> **Dataset content**:
Segment Open

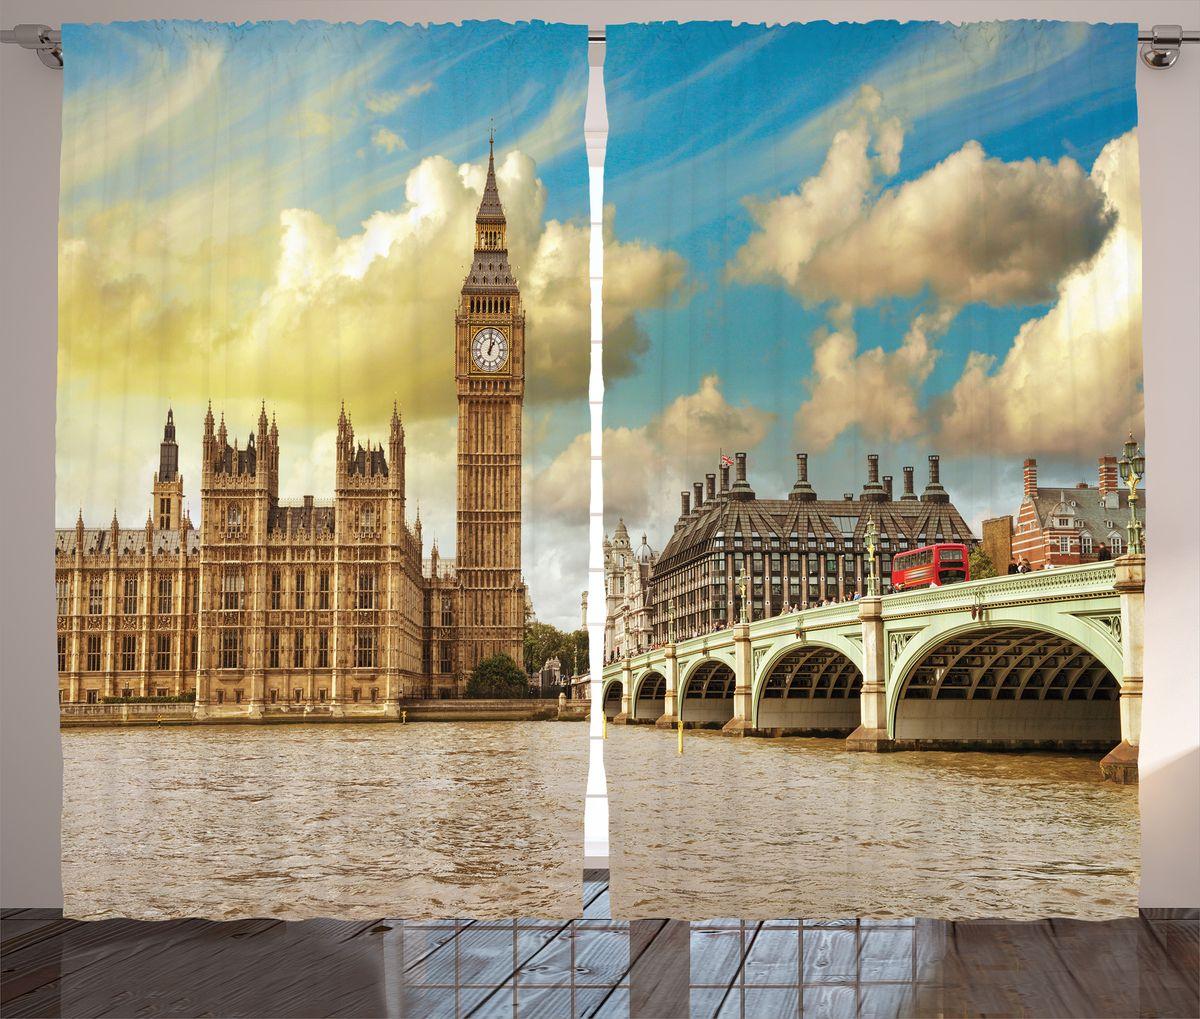 Комплект фотоштор Magic Lady Биг Бен и парламент Англии на фоне облачного неба, на ленте, высота 265 см. шсг_2713шсг_2713Комплект фотоштор Magic Lady Биг Бен и парламент Англии на фоне облачного неба выполнен из высококачественного сатена (полиэстер 100%). При изготовлении используются специальные гипоаллергенные чернила. Они отлично дополнят украшение любого интерьера. Крепление на карниз при помощи шторной ленты на крючки.
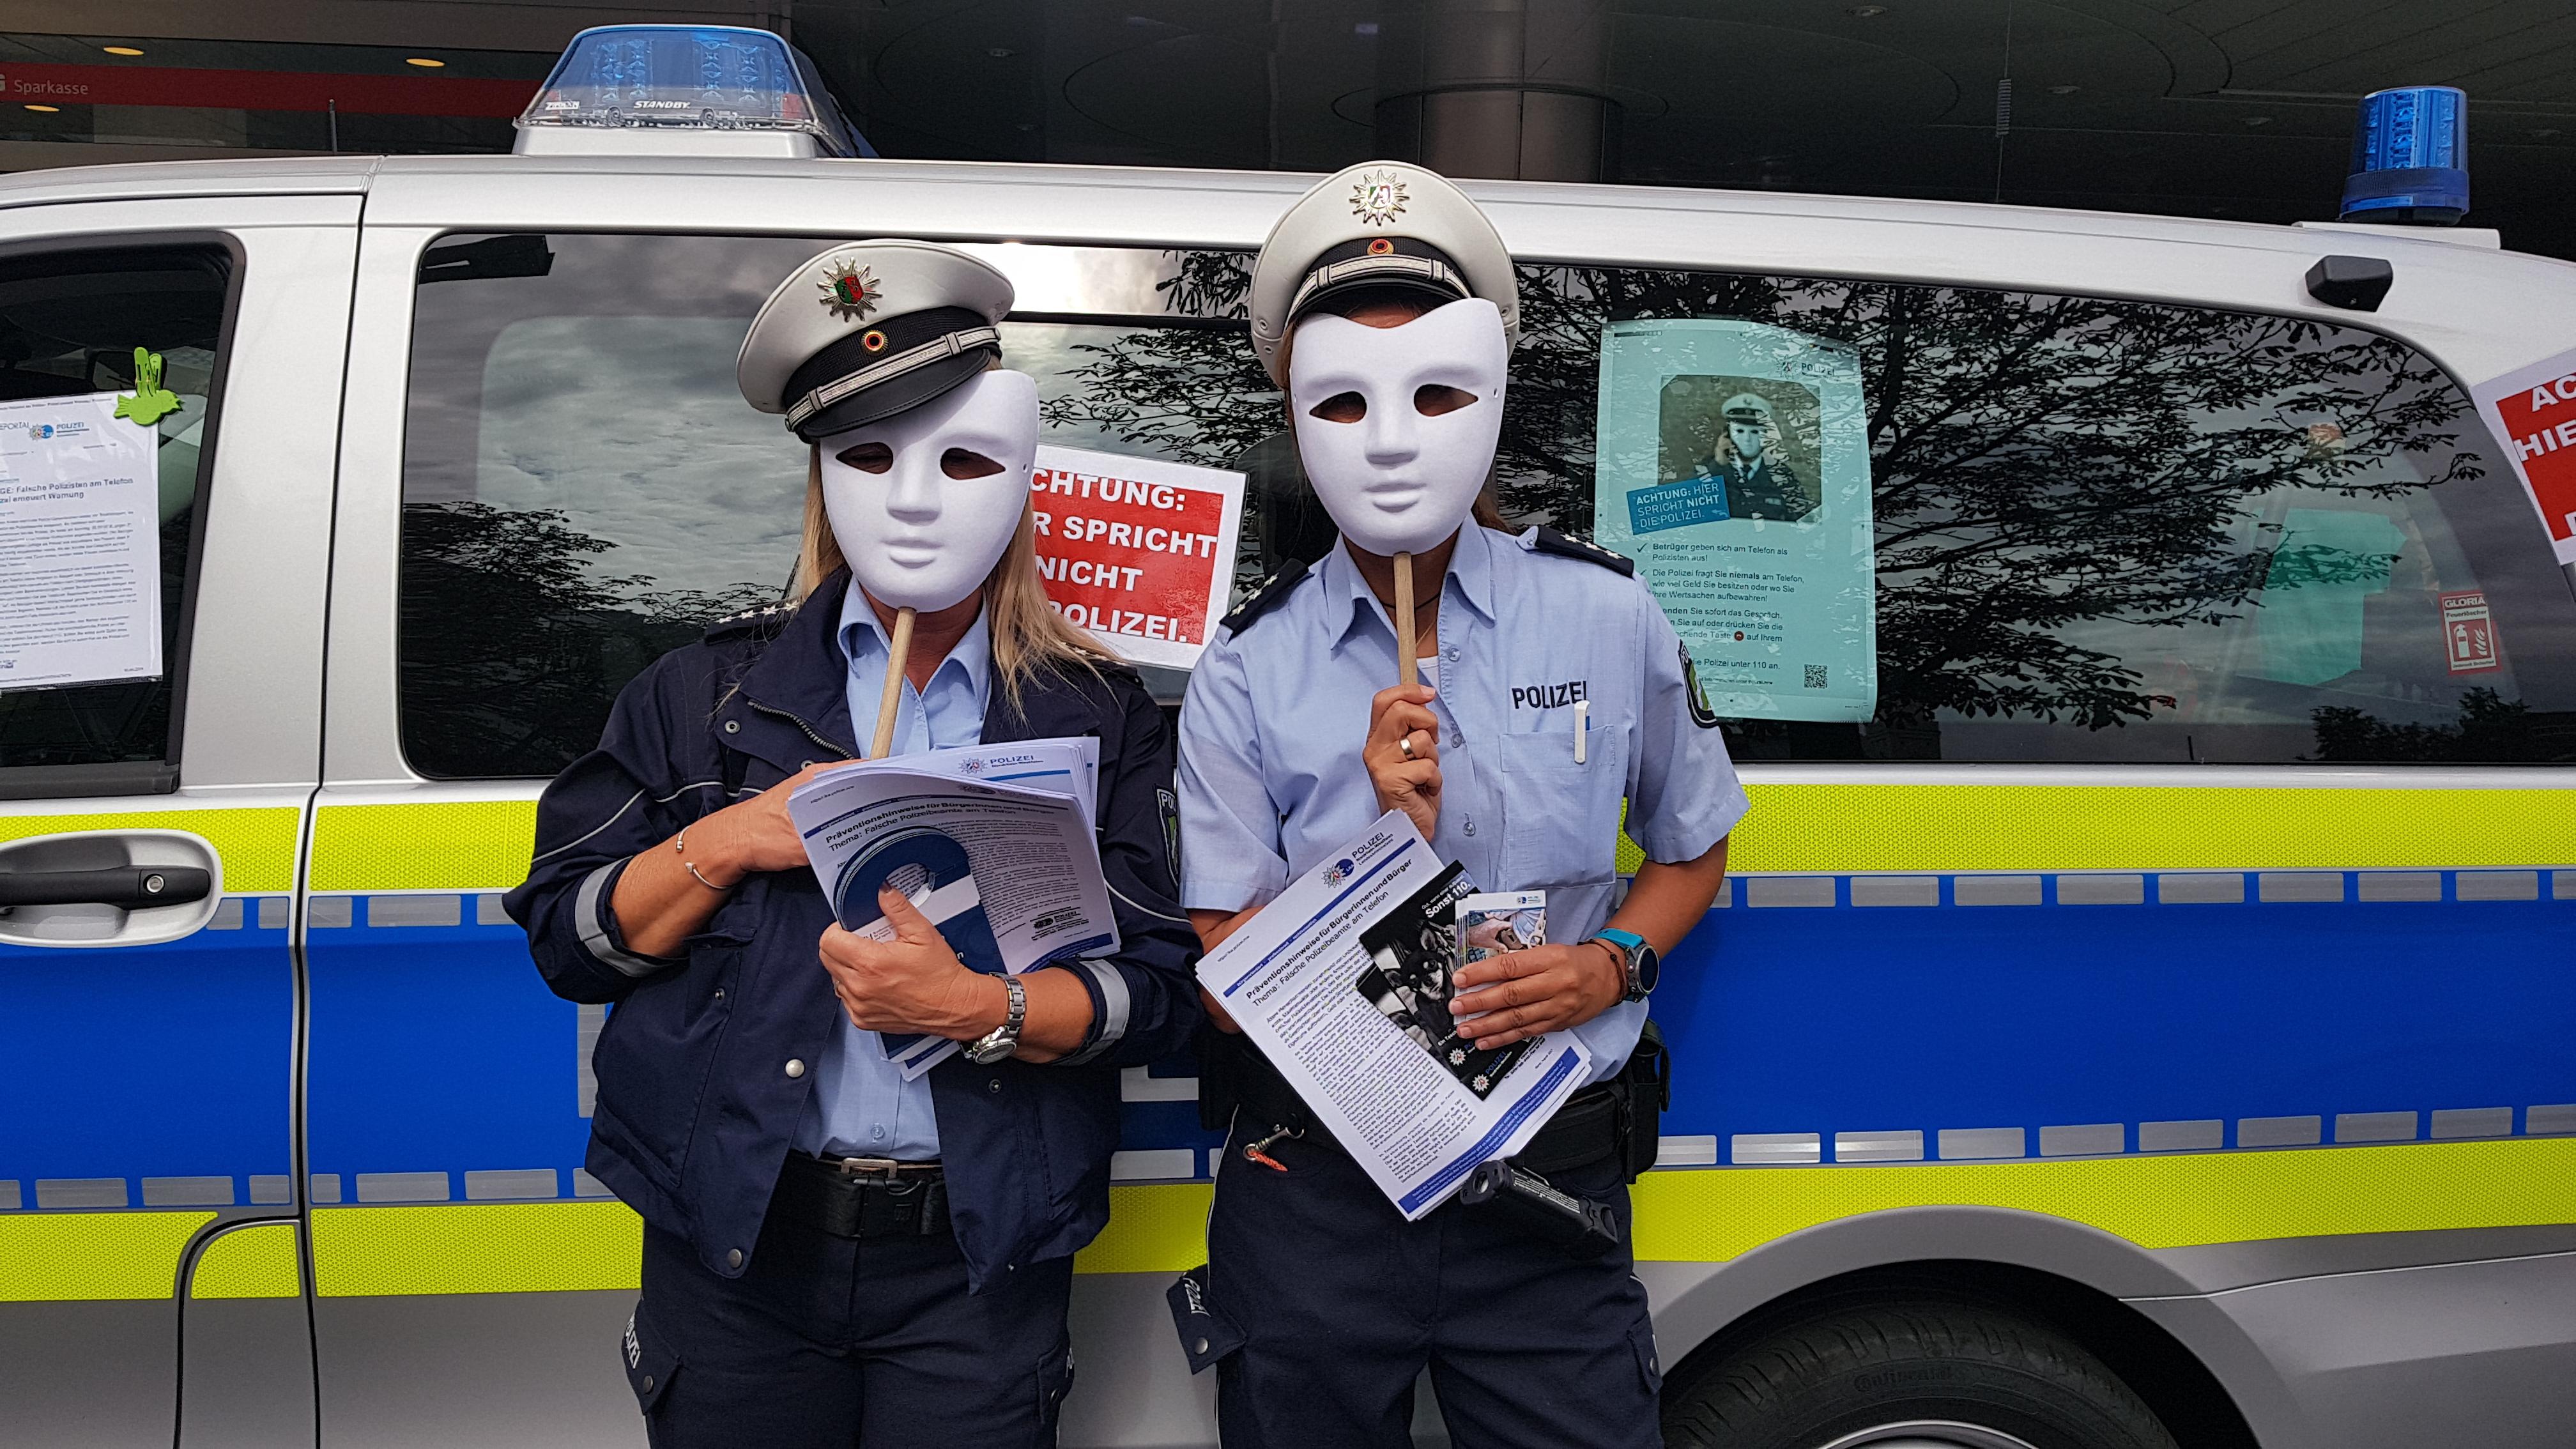 Achtung vor dem falschen Polizisten
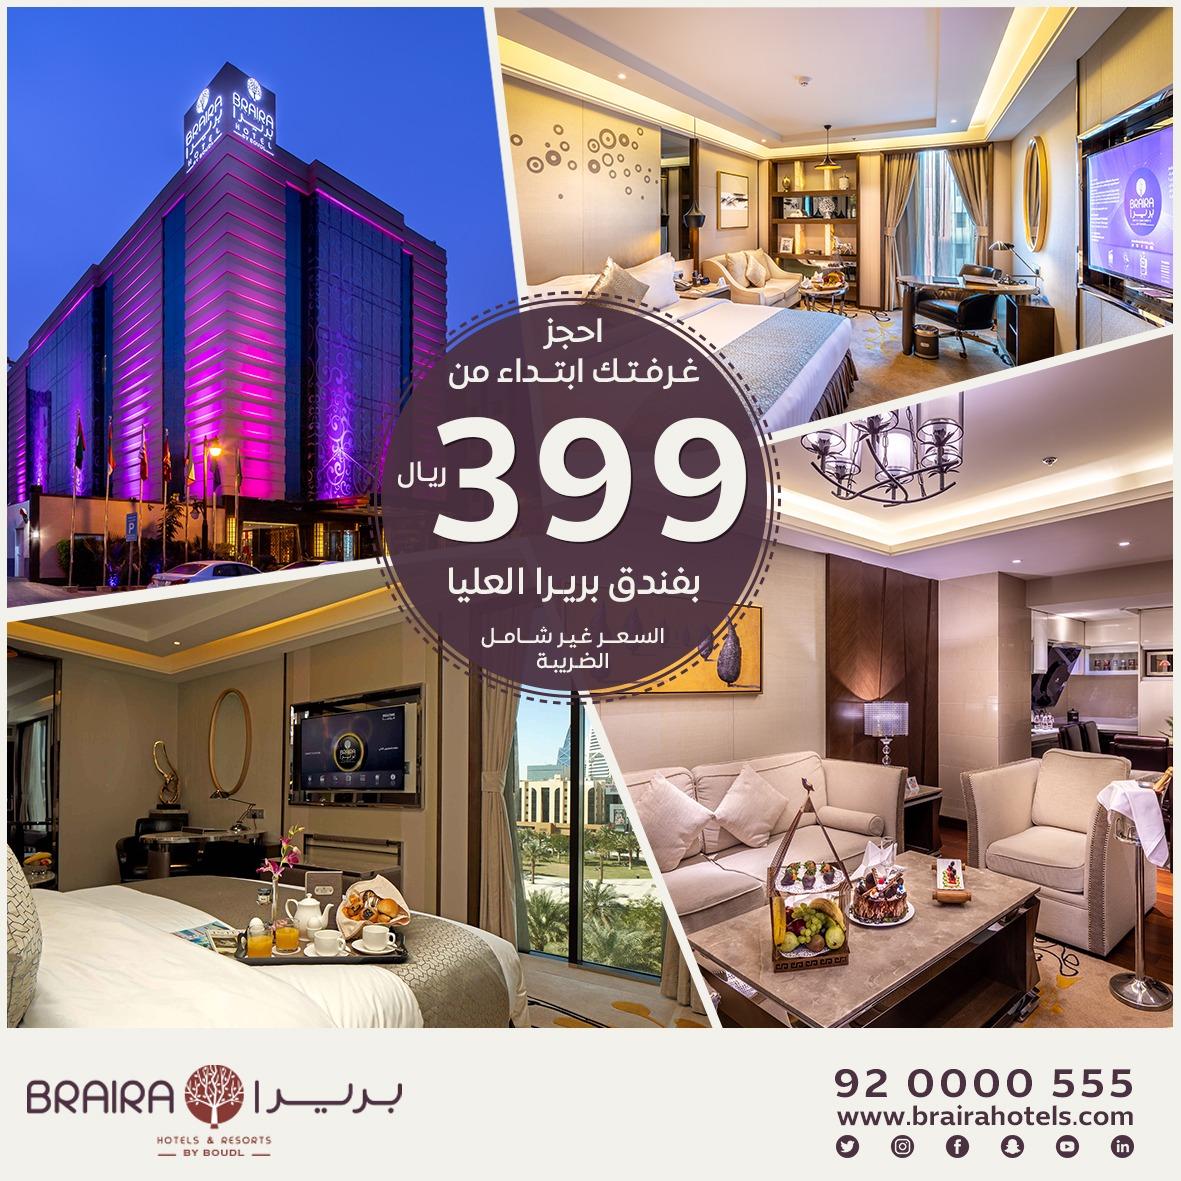 Braira Hotels Resorts Brairahotels Twitter
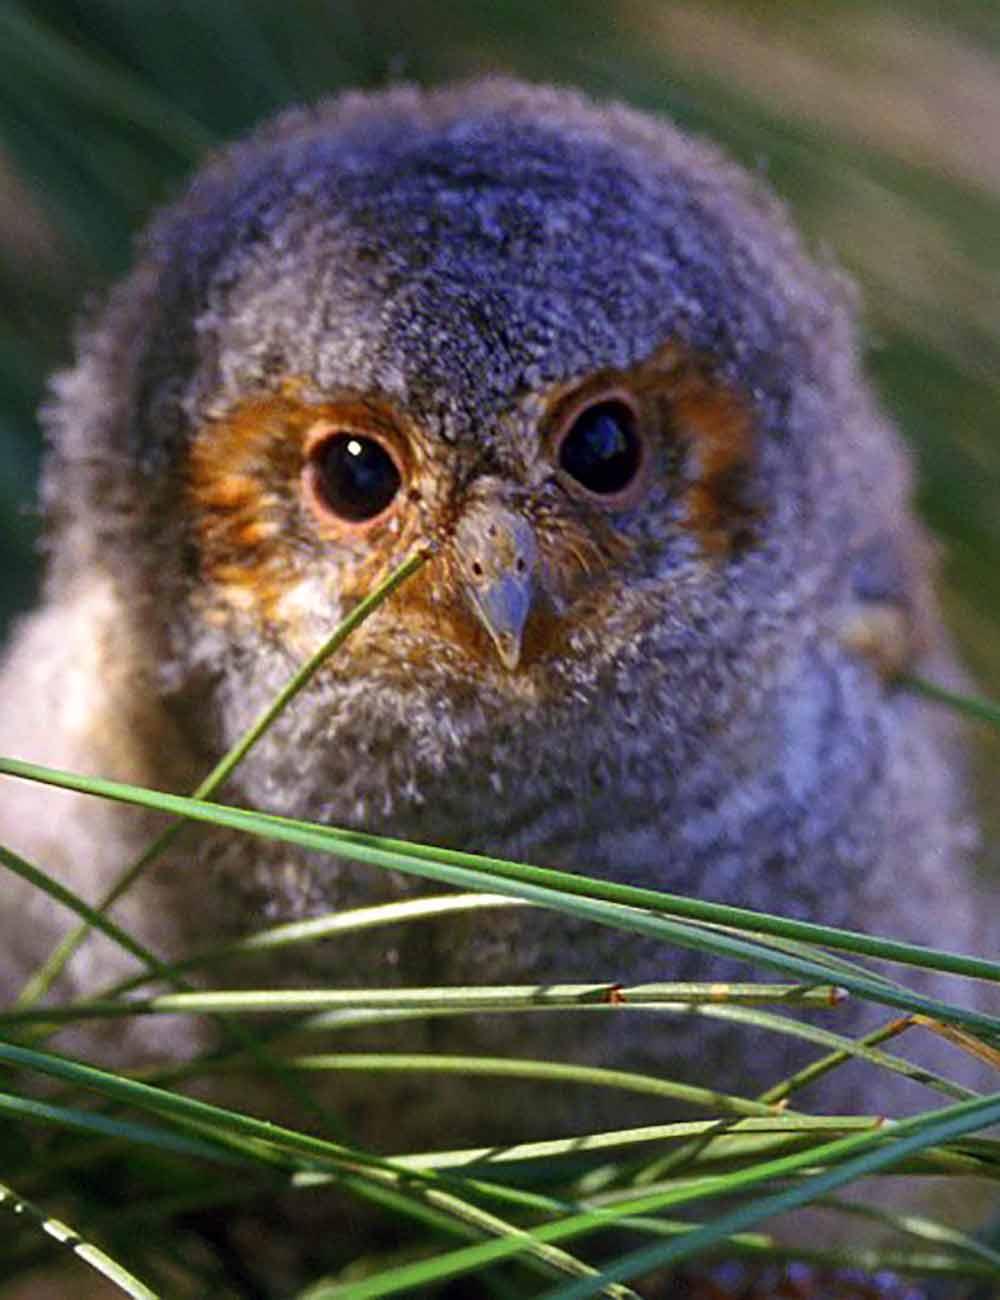 Owl Nestling I Writer Mariecor I WriterMariecor.com

Segment Closed

> **What you will do**: Where a picture appears in the material above, skip it, and print the rest exactly.

> **Task answer**:
 Комплект фотоштор Magic Lady Биг Бен и парламент Англии на фоне облачного неба, на ленте, высота 265 см. шсг_2713шсг_2713Комплект фотоштор Magic Lady Биг Бен и парламент Англии на фоне облачного неба выполнен из высококачественного сатена (полиэстер 100%). При изготовлении используются специальные гипоаллергенные чернила. Они отлично дополнят украшение любого интерьера. Крепление на карниз при помощи шторной ленты на крючки.
 Achtung vor dem falschen Polizisten
 Braira Hotels Resorts Brairahotels Twitter
 Owl Nestling I Writer Mariecor I WriterMariecor.com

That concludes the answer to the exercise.